## Task to carry out
Each of the lines below must be written out exactly as shown.

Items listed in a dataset
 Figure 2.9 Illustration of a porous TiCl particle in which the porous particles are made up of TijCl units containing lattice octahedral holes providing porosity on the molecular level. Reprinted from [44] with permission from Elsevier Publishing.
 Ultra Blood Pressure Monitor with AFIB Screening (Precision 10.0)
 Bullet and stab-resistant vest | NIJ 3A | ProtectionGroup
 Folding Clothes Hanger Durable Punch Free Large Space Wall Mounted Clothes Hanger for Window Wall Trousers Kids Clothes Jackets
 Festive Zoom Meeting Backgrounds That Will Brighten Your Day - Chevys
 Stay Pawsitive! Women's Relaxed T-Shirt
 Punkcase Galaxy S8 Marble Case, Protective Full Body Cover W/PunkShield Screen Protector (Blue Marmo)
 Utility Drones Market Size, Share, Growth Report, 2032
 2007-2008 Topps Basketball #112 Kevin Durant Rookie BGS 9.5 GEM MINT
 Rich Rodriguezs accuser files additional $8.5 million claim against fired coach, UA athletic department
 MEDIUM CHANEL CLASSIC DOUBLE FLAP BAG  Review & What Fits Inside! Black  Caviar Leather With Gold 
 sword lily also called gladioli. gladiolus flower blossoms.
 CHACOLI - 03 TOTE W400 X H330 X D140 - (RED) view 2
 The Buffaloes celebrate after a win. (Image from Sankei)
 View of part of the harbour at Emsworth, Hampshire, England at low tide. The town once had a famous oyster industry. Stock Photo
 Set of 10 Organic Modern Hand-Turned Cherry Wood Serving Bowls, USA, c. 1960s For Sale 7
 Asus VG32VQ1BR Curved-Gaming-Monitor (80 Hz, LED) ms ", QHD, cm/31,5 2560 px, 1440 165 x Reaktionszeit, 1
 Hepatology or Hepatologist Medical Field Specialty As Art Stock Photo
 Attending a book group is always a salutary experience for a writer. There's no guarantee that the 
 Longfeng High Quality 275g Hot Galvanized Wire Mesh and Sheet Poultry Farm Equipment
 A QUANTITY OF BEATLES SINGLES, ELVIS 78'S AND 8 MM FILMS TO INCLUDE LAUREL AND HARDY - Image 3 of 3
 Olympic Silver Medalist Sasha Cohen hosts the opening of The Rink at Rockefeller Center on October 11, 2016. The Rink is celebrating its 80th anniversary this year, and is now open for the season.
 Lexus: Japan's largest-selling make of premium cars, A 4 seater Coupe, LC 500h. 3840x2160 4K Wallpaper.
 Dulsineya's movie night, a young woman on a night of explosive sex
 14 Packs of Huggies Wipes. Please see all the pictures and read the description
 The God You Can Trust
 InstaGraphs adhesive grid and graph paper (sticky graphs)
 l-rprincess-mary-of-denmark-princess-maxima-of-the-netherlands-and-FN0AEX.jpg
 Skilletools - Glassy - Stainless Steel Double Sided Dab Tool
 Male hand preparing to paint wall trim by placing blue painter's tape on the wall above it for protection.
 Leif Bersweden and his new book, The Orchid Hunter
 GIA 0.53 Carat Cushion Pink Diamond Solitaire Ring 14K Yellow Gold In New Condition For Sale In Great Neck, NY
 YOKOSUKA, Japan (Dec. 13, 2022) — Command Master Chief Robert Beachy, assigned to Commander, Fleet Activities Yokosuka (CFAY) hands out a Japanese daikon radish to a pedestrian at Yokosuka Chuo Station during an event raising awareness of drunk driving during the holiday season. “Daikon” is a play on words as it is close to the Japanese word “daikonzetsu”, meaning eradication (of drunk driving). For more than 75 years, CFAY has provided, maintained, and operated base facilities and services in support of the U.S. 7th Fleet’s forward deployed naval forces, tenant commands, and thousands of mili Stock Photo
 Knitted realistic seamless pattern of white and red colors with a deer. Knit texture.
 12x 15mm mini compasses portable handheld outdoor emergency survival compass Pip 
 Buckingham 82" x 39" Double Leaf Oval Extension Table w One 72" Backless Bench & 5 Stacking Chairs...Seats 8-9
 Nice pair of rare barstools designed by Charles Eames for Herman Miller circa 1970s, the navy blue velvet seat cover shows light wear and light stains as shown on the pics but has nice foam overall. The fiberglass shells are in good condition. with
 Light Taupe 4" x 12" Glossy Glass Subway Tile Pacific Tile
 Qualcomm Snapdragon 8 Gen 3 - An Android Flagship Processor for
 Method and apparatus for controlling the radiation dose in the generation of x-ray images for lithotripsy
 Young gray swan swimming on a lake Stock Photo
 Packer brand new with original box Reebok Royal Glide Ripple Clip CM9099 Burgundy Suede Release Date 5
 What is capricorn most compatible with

## Written answer
 Figure 2.9 Illustration of a porous TiCl particle in which the porous particles are made up of TijCl units containing lattice octahedral holes providing porosity on the molecular level. Reprinted from [44] with permission from Elsevier Publishing.
 Ultra Blood Pressure Monitor with AFIB Screening (Precision 10.0)
 Bullet and stab-resistant vest | NIJ 3A | ProtectionGroup
 Folding Clothes Hanger Durable Punch Free Large Space Wall Mounted Clothes Hanger for Window Wall Trousers Kids Clothes Jackets
 Festive Zoom Meeting Backgrounds That Will Brighten Your Day - Chevys
 Stay Pawsitive! Women's Relaxed T-Shirt
 Punkcase Galaxy S8 Marble Case, Protective Full Body Cover W/PunkShield Screen Protector (Blue Marmo)
 Utility Drones Market Size, Share, Growth Report, 2032
 2007-2008 Topps Basketball #112 Kevin Durant Rookie BGS 9.5 GEM MINT
 Rich Rodriguezs accuser files additional $8.5 million claim against fired coach, UA athletic department
 MEDIUM CHANEL CLASSIC DOUBLE FLAP BAG  Review & What Fits Inside! Black  Caviar Leather With Gold 
 sword lily also called gladioli. gladiolus flower blossoms.
 CHACOLI - 03 TOTE W400 X H330 X D140 - (RED) view 2
 The Buffaloes celebrate after a win. (Image from Sankei)
 View of part of the harbour at Emsworth, Hampshire, England at low tide. The town once had a famous oyster industry. Stock Photo
 Set of 10 Organic Modern Hand-Turned Cherry Wood Serving Bowls, USA, c. 1960s For Sale 7
 Asus VG32VQ1BR Curved-Gaming-Monitor (80 Hz, LED) ms ", QHD, cm/31,5 2560 px, 1440 165 x Reaktionszeit, 1
 Hepatology or Hepatologist Medical Field Specialty As Art Stock Photo
 Attending a book group is always a salutary experience for a writer. There's no guarantee that the 
 Longfeng High Quality 275g Hot Galvanized Wire Mesh and Sheet Poultry Farm Equipment
 A QUANTITY OF BEATLES SINGLES, ELVIS 78'S AND 8 MM FILMS TO INCLUDE LAUREL AND HARDY - Image 3 of 3
 Olympic Silver Medalist Sasha Cohen hosts the opening of The Rink at Rockefeller Center on October 11, 2016. The Rink is celebrating its 80th anniversary this year, and is now open for the season.
 Lexus: Japan's largest-selling make of premium cars, A 4 seater Coupe, LC 500h. 3840x2160 4K Wallpaper.
 Dulsineya's movie night, a young woman on a night of explosive sex
 14 Packs of Huggies Wipes. Please see all the pictures and read the description
 The God You Can Trust
 InstaGraphs adhesive grid and graph paper (sticky graphs)
 l-rprincess-mary-of-denmark-princess-maxima-of-the-netherlands-and-FN0AEX.jpg
 Skilletools - Glassy - Stainless Steel Double Sided Dab Tool
 Male hand preparing to paint wall trim by placing blue painter's tape on the wall above it for protection.
 Leif Bersweden and his new book, The Orchid Hunter
 GIA 0.53 Carat Cushion Pink Diamond Solitaire Ring 14K Yellow Gold In New Condition For Sale In Great Neck, NY
 YOKOSUKA, Japan (Dec. 13, 2022) — Command Master Chief Robert Beachy, assigned to Commander, Fleet Activities Yokosuka (CFAY) hands out a Japanese daikon radish to a pedestrian at Yokosuka Chuo Station during an event raising awareness of drunk driving during the holiday season. “Daikon” is a play on words as it is close to the Japanese word “daikonzetsu”, meaning eradication (of drunk driving). For more than 75 years, CFAY has provided, maintained, and operated base facilities and services in support of the U.S. 7th Fleet’s forward deployed naval forces, tenant commands, and thousands of mili Stock Photo
 Knitted realistic seamless pattern of white and red colors with a deer. Knit texture.
 12x 15mm mini compasses portable handheld outdoor emergency survival compass Pip 
 Buckingham 82" x 39" Double Leaf Oval Extension Table w One 72" Backless Bench & 5 Stacking Chairs...Seats 8-9
 Nice pair of rare barstools designed by Charles Eames for Herman Miller circa 1970s, the navy blue velvet seat cover shows light wear and light stains as shown on the pics but has nice foam overall. The fiberglass shells are in good condition. with
 Light Taupe 4" x 12" Glossy Glass Subway Tile Pacific Tile
 Qualcomm Snapdragon 8 Gen 3 - An Android Flagship Processor for
 Method and apparatus for controlling the radiation dose in the generation of x-ray images for lithotripsy
 Young gray swan swimming on a lake Stock Photo
 Packer brand new with original box Reebok Royal Glide Ripple Clip CM9099 Burgundy Suede Release Date 5
 What is capricorn most compatible with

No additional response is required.